One of the most important features of personal injury claims in Queensland is that opposing parties must disclose relevant documents to each other, even if a document is harmful to that party’s case. This is colloquially known as the “cards on the table” approach. It is designed to facilitate the early resolution of claims by highlighting the important issues early, and to avoid a situation where parties are surprised by new evidence that is only revealed at trial.
Disclosing documentation
The obligation to disclose relevant documents in workers’ compensation claims is contained in section 279 of the Workers’ Compensation & Rehabilitation Act 2003 (WCRA). Section 279 is titled “Parties to cooperate” and requires parties to give each other copies of “relevant documents” about the worker’s injury, the circumstances of the event resulting in injury, and the worker’s prospects of rehabilitation. In practice, documents about the circumstances of the event will often include things such as incident reports, investigation reports and witness statements. Documents about the worker’s injury may include hospital and ambulance records, GP records, allied health records, treating specialist records and medico-legal reports.
The documents that must be disclosed are relevant documents that are in the possession of a party. Documents can also be “reasonably required” by WorkCover from the worker’s employer. Under section 280 of the WCRA an employer must cooperate fully with WorkCover and give it all information and access to documents in relation to the claim that WorkCover reasonably requires. There can be financial penalties if an employer fails to cooperate.

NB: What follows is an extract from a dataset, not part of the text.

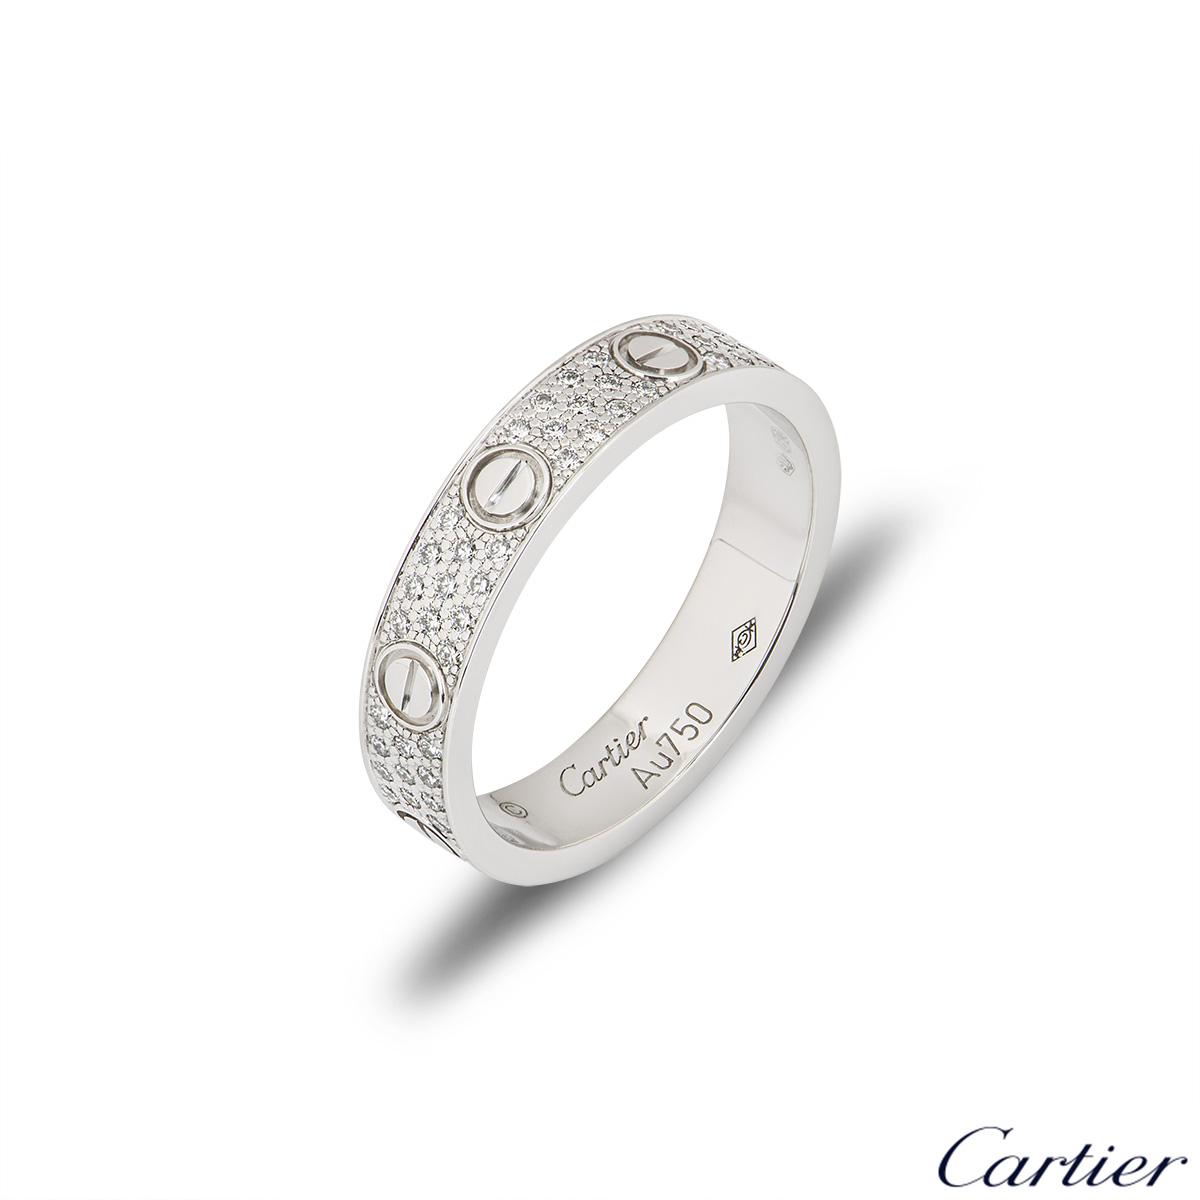 Cartier White Gold Pave Diamond Wedding Love Ring Size 51 B4083400

Disclosing additional information
Section 279 is not restricted to documents. It also requires parties to give “information reasonably requested” by another party about the circumstances of the event resulting in injury, the nature of the injury, impairment or financial loss resulting from the injury, medical treatment and rehabilitation received from the worker’s employer or insurer, and any applications for compensation made by a worker for any injury resulting from the said event. The range of issues on which information can be requested is very broad. Whether a request is “reasonable” depends on the facts and circumstances of the case, however the relevance of the request and the resources needed to meet the request could be important factors to consider.
An “information request” usually takes the form of a list of questions given to another party who must provide answers to the questions. The answers might be provided in correspondence or in a Statutory Declaration, however there is no provision under section 279 to force a party to provide the answers in the form of a Statutory Declaration. Documents must be provided to the other party within 21 business days of receipt, and information must be provided within 21 business days of the request.
WorkCover’s lawyers will determine what information must be disclosed and will liaise with the employer about requests for information given by another party. It is important that the employer gives their full cooperation and that all relevant documents and information are located and provided promptly. This will help all parties to assess the strengths and weaknesses of their cases and maximise the chances of reaching a mutually acceptable conclusion of the claim before significant costs are incurred in preparation for a trial.